A huge corporation is about to fleece Nevadans for billions of dollars. Democrats couldn’t be happier.

NV Energy recently upped the estimated cost of its transmission project, dubbed Greenlink Nevada. The company, which is owned by Warren Buffett’s Berkshire Hathaway, once said it would cost around $2.5 billion. In February, it pushed the price up to $2.9 billion. Now, it says the price will be $4.2 billion.

For most companies, cost overruns like these could lead to bankruptcy. But not NV Energy. It’s a monopoly that receives a return on equity of 9.5 percent. The more it spends, the more it makes. John Tsoukalis, an energy consultant with The Brattle Group, projected Greenlink will hike NV Energy’s revenues by more than $900 million over its lifetime.

This is not the free market. When firms compete, profit is a company’s reward for best meeting the demands of customers. Earnings aren’t guaranteed in perpetuity. But in Buffett’s monopoly, additional profit comes from forcing customers to pay more.

One might expect that Democrats would be vocally opposed to an out-of-state company exploiting Nevadans. Not in this case.

Greenlink wouldn’t be necessary if it weren’t the renewable portfolio laws championed by leftists, specifically green energy supporters. Nevada law requires that 50 percent of electricity come from renewable sources by 2030. The Legislature passed that standard 2019. In 2018 and 2020, voters approved putting it in the state constitution. Elected Republicans haven’t covered themselves in glory either. Most have gone along meekly rather than trying to stop these massive and predictable price hikes.

Green energy, however, has a big problem. It’s not reliable. In a November 2023 report, the Western Electricity Coordinating Council noted that Western power providers intend to retire lots of natural gas- and coal-powered plants in future years and replace them with “variable resources,” such as solar and wind.

“Variable resources cannot be called on and dispatched to meet demand the same way traditional resources can,” the report states. Accordingly, “current resource plans are not sufficient to meet future demand over each of the next 10 years.”

Specifically, “starting in 2026, the number and magnitude of demand-at-risk hours increase by orders of magnitude,” the report reads.

Translated: The possibility of rolling blackouts is going to explode in a couple of years thanks to governments pushing green energy.

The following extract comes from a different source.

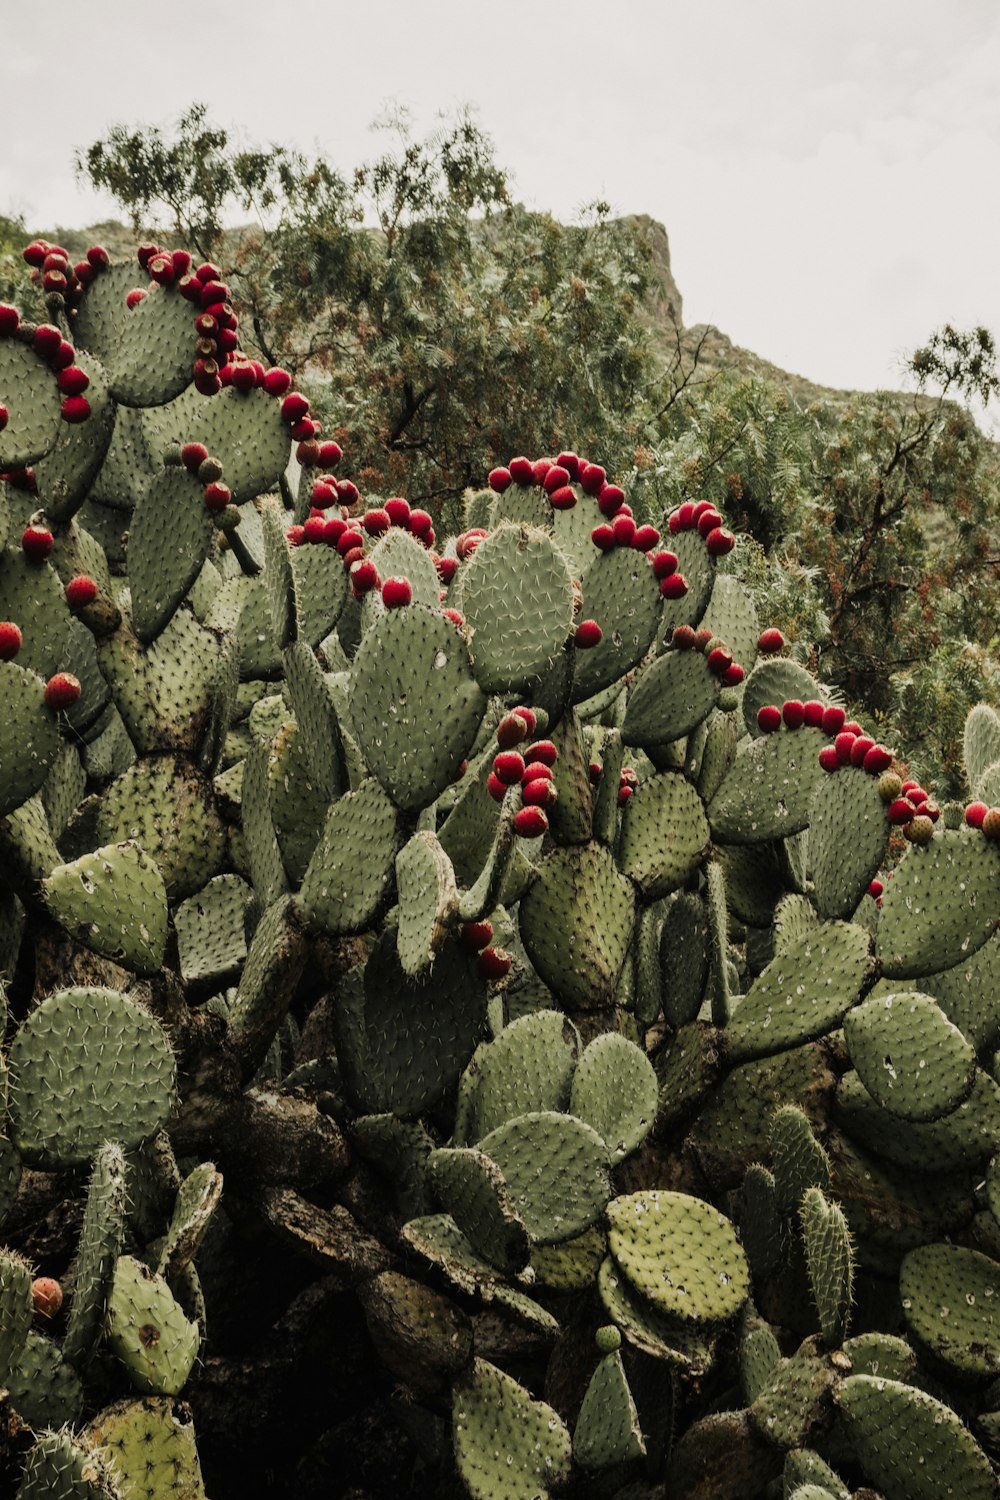 a large cactus with red berries on it

The obvious answer is to build reliable power plants that can keep the lights on. NV Energy knows how to do this. It currently wants $573 million to build two new natural gas turbines. But because 50 percent of Nevada’s energy is supposed to be “renewable” by 2030, the company wants Greenlink to move renewable energy from one part of the state to another.

That’s it. That’s why you’ll be paying $4.2 billion — plus interest. An attempt to mitigate the unreliability of green energy. So much for the savings promised by renewable portfolio standard supporters.

The idea that green energy can reliably and affordably meet the state’s energy needs is a scam. This one project alone is going to needlessly cost ratepayers billions.